About this task >> Could you give again exactly, and only, the lines from the one holding "- Stock Image" through the end of the data, both ends included, with pictures left out?

Data segment >>
·····

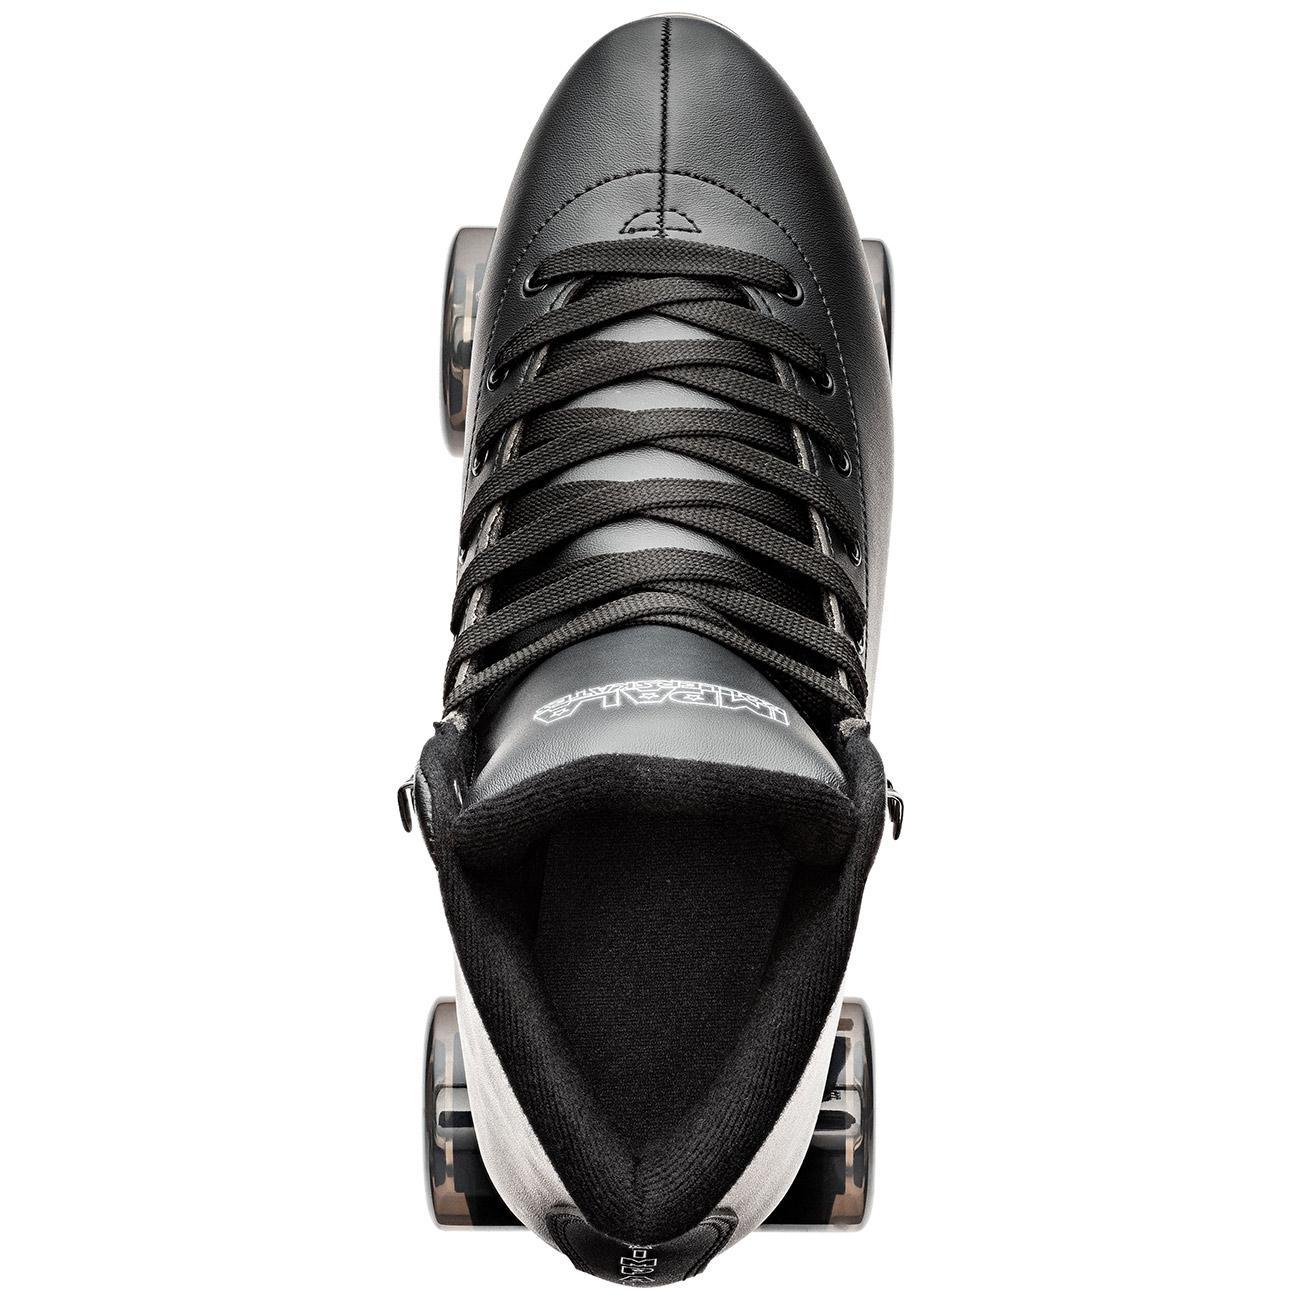 Impala Rollerskaters Black
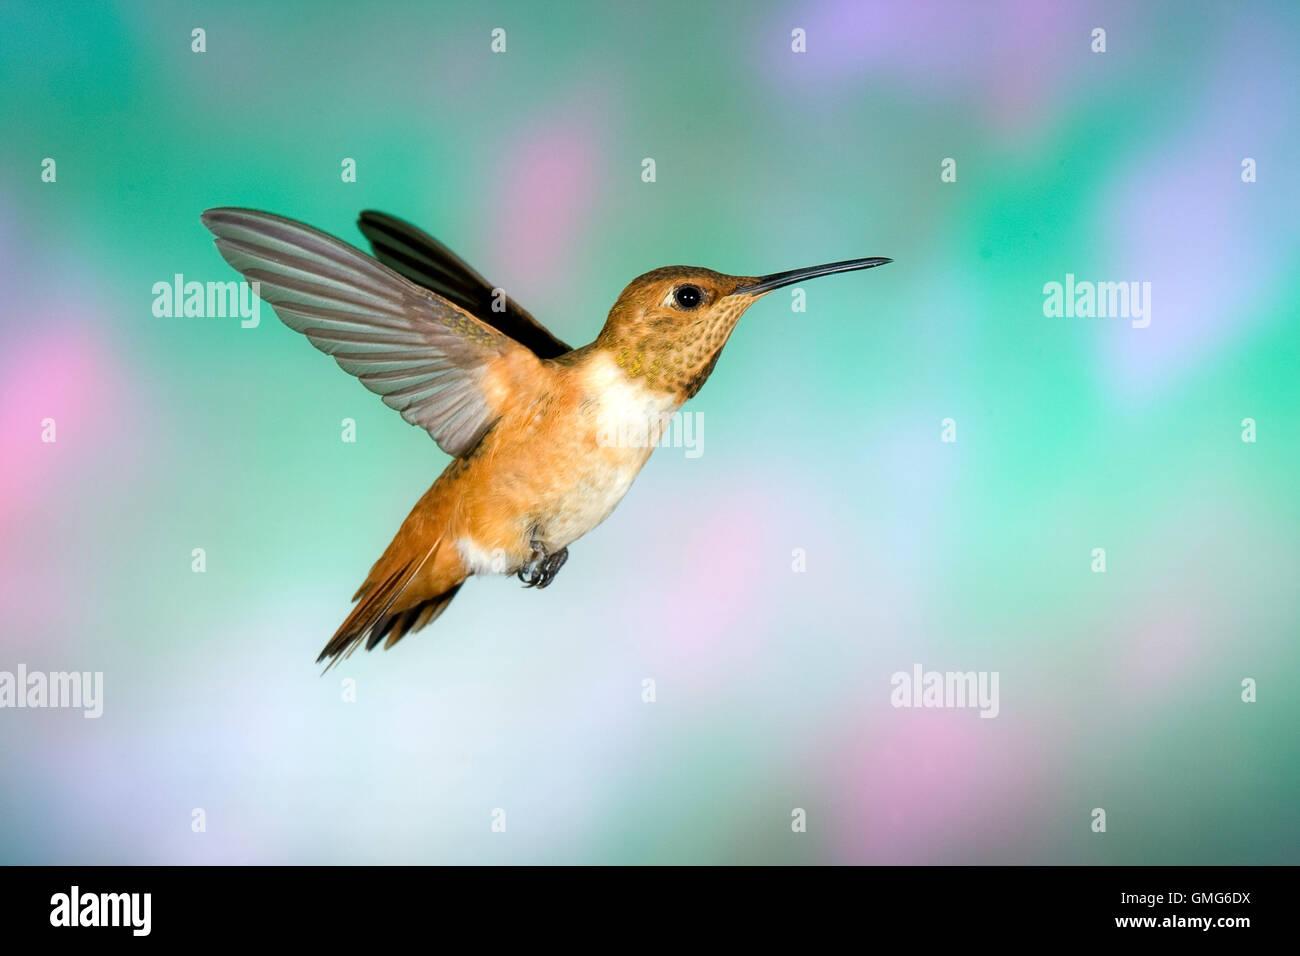 Allen's Hummingbird  Selasphorus sasin Sierra Vista, Cochise County, Arizona, United States 23 August       - Stock Image
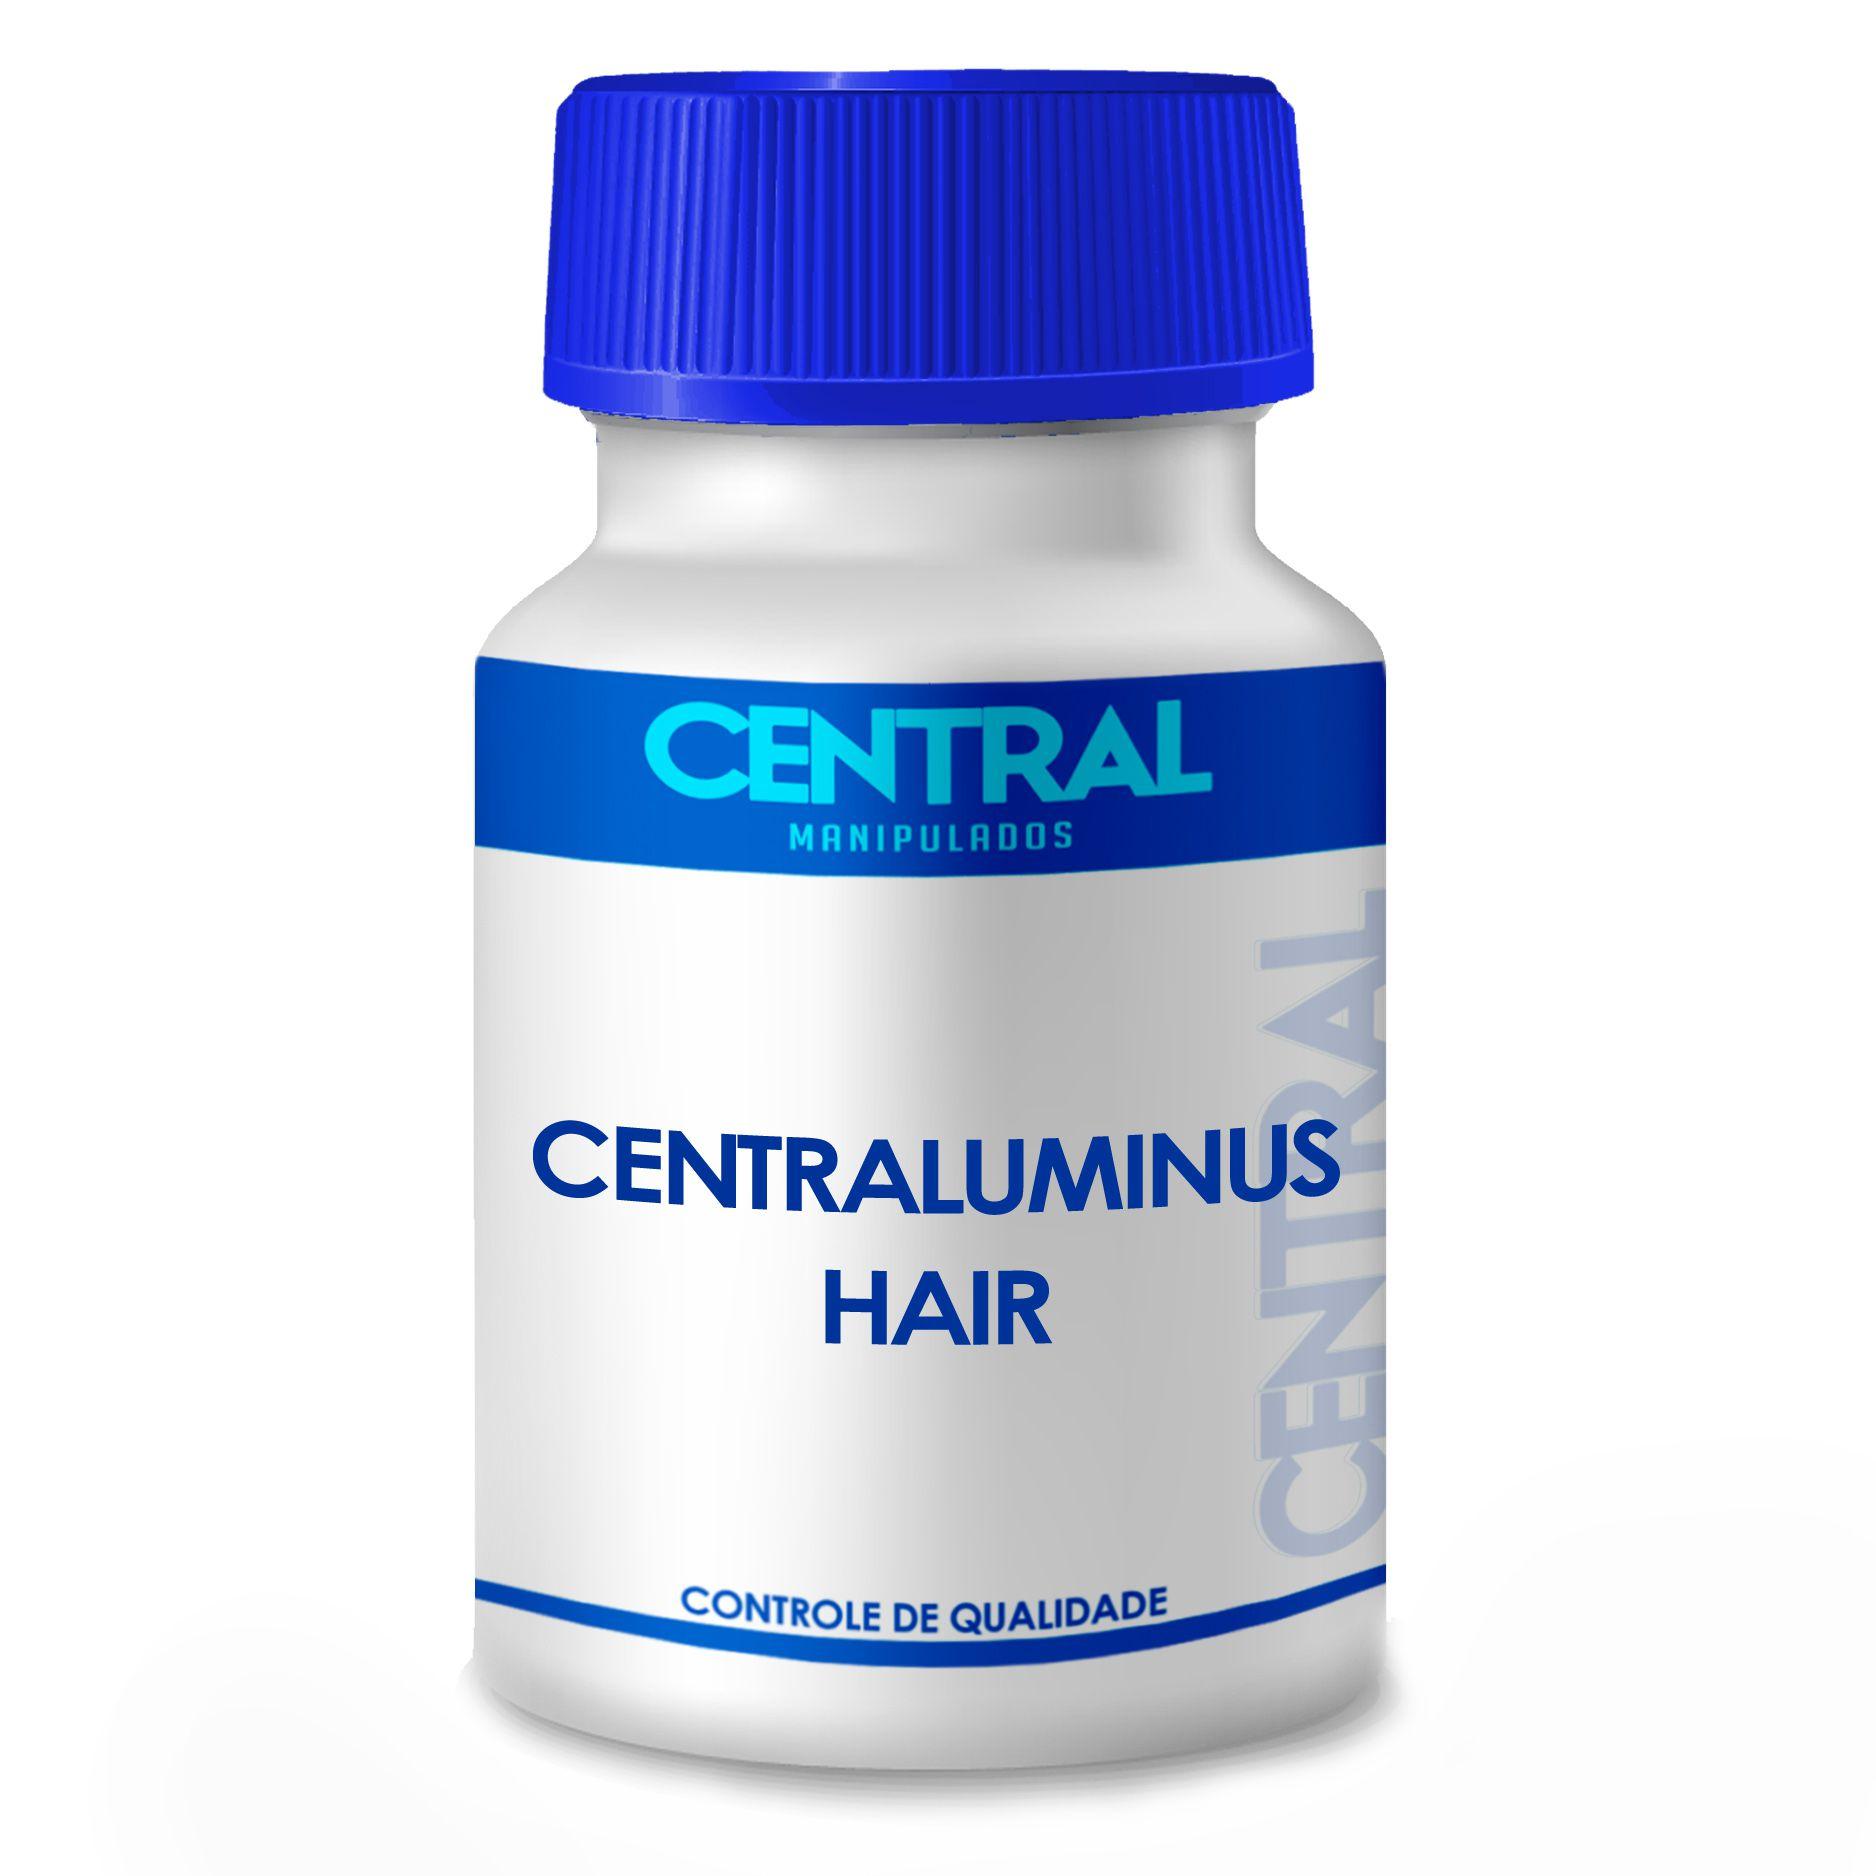 Centraluminus hair

·····

Result of this exercise >>
 Allen's Hummingbird  Selasphorus sasin Sierra Vista, Cochise County, Arizona, United States 23 August       - Stock Image
 Centraluminus hair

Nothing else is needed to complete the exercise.